Characterizing Groundwater Flow Dynamics and Storage Capacity in an Active Rock Glacier

Alpine aquifers play a critical role in the hydrology of mountainous areas by sustaining base flow in downstream rivers during dry periods and retarding flood propagation after heavy precipitation events. Progressing climate change alters climatic and meteorological boundary conditions as well as the hydraulic response of alpine catchments by ablating glaciers and thawing permafrost. Rock glaciers exert a controlling influence on the catchment response due to their prominent groundwater storage and complex drainage characteristics. This thesis investigates the hydrogeology and internal structure of the active rock glacier Innere Ölgrube (Ötztal Alps), which governs catchment runoff and is affected by permafrost degradation. A 3D geometrical model of its internal structure is obtained by combining geophysical data and permafrost creep modelling. Available data and new results are integrated into a conceptual hydrogeological model providing a sound basis for the implementation of a prospective numerical groundwater flow model.

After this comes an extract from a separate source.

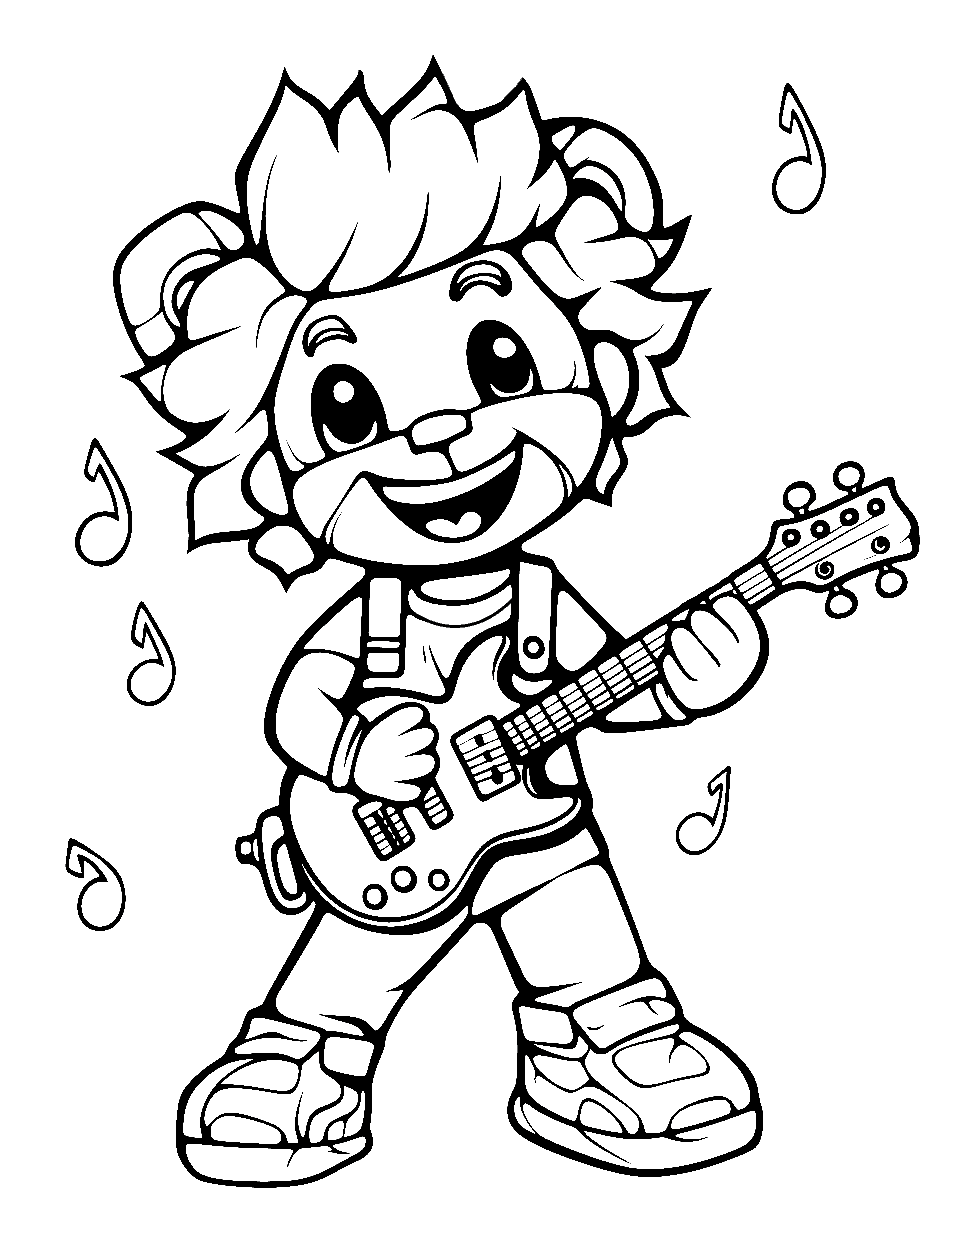 Glamrock Performance Coloring Page - A Glamrock animatronic performing enthusiastically on stage.

Hydraulic properties of the hydrostratigraphic units constituting the rock glacier are estimated and groundwater recharge fluxes quantified. Fundamental properties of the heterogeneous groundwater flow system within the rock glacier are discussed and compared to existing rock glacier studies.
About the author

Simon Seelig is currently working on alpine water resources and climate change as PhD student at the University of Graz, Austria. His educational background is geosciences, focusing on hydrogeology and engineering geology at the Universities of Graz, Leoben, and Waterloo (ON).